As equipes já sabem que, se acelerarem o trabalho no início da semana, terão direito a folgar na tarde de sexta-feira, que se transformou praticamente em “ponto facultativo” na Irizar. Nesse dia, raramente alguém volta para trabalhar depois do almoço.
“Quem atingiu a meta semanal não precisa vir só para cumprir a carga horária prevista em lei. A folga na tarde de sexta funciona como um reconhecimento pela dedicação nos dias anteriores”, diz Cadorin. No último fechamento do banco de horas, em setembro, a empresa “perdoou” quase 10 000 horas negativas dos funcionários.
Apesar de tanta flexibilidade – e justamente por causa disso –, a Irizar não conseguiu se livrar do velho e tradicional cartão de ponto. “Nesse ambiente de entradas e saídas livres, é a única forma de termos controle sobre as horas trabalhadas e atender às exigências da legislação trabalhista”, diz Cadorin.
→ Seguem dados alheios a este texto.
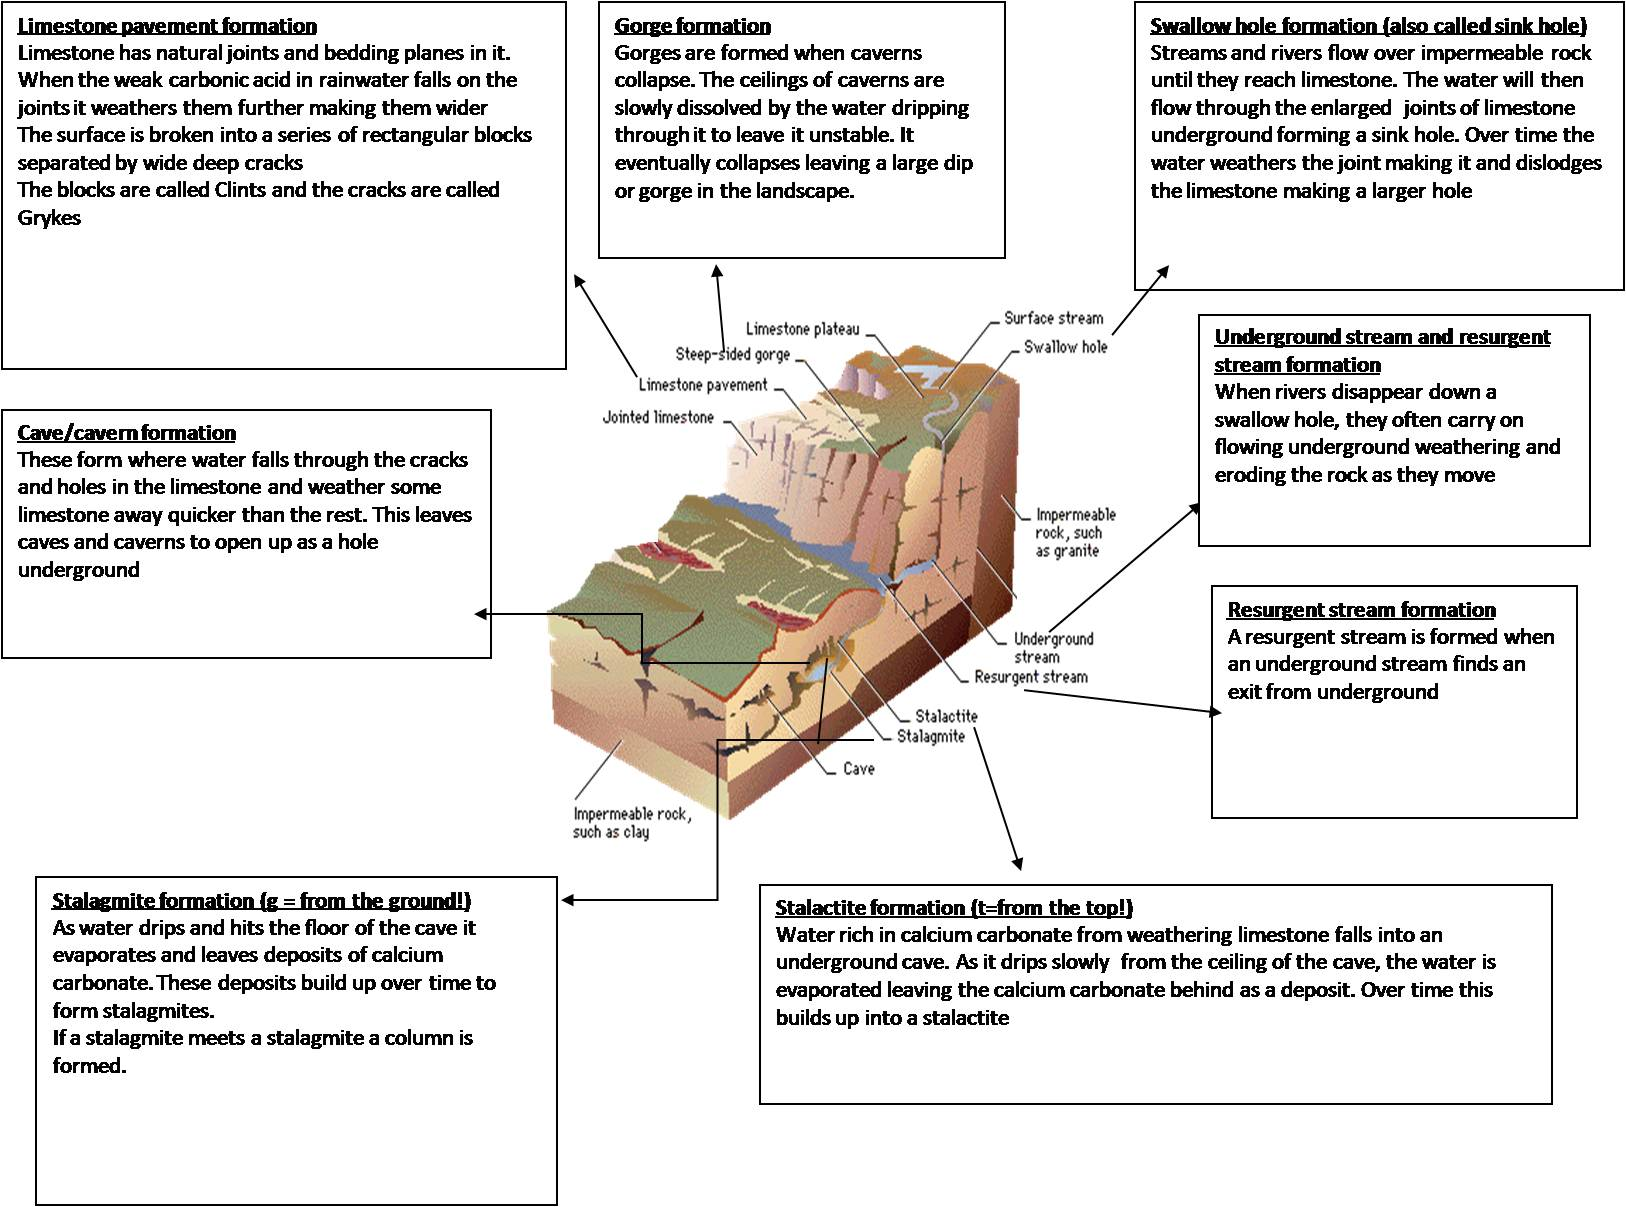 mechanical weathering diagram alpine cda 9827 wiring as rocks and mrs conrad 39s kis i alevel

Nesse caso, não se trataria de adotar o controle alternativo da jornada, pois a ideia na fábrica de ônibus é que cada funcionário tenha liberdade para entrar e sair no momento em que considerar adequado, de tal forma que o conceito de registro das exceções ficaria comprometido, já que elas ocorrem o tempo todo.
Para Cadorin, o segredo do sucesso da estratégia adotada pela Irizar é ter um número suficiente de funcionários para realizar o trabalho com qualidade e dentro dos prazos estabelecidos – ou seja, não submeter a equipe a um ritmo extremo. Tal exigência passa, claro, pela alta produtividade, o que requer muito treinamento.
Neste ano, com a necessidade de aumentar a produção diária de três para quatro veículos devido ao aquecimento do setor de transportes e ao aumento das encomendas, 60 novos trabalhadores estão sendo selecionados e treinados.
“Estabelecemos uma rotina em que as horas extras praticamente deixaram de existir, a não ser em momentos excepcionais, como o lançamento de um novo modelo, no qual o trabalho se torna naturalmente mais lento”, diz Cadorin.
Resultado do trabalho
E se, empolgado com a liberdade de horário, um funcionário da Irizar começar a atrasar sistematicamente com suas obrigações? Em outras empresas, isso certamente provocaria a revolta dos colegas. No caso da fabricante de ônibus, contudo, não há aquela situação em que os empregados se perguntam se a empresa não vai tomar providências contra o “folgado”, já que cabe a eles próprios a decisão.
O desempenho individual é avaliado pela equipe, e quem não estiver tendo uma performance considerada aceitável recebe uma espécie de cartão amarelo – que pode ser transformado em demissão ao fim de 90 dias, por decisão soberana do grupo. Algo semelhante ocorre com o controle de qualidade, feito pelos próprios funcionários da linha de produção.
Toda equipe tem a prerrogativa de “devolver” eventuais tarefas que considerar mal realizadas por um dos trabalhadores ou mesmo por outra equipe. A consequência é que o controle dos horário deixa definitivamente de fazer parte da pauta em nome da preocupação, bem mais relevante, com o resultado efetivo do trabalho.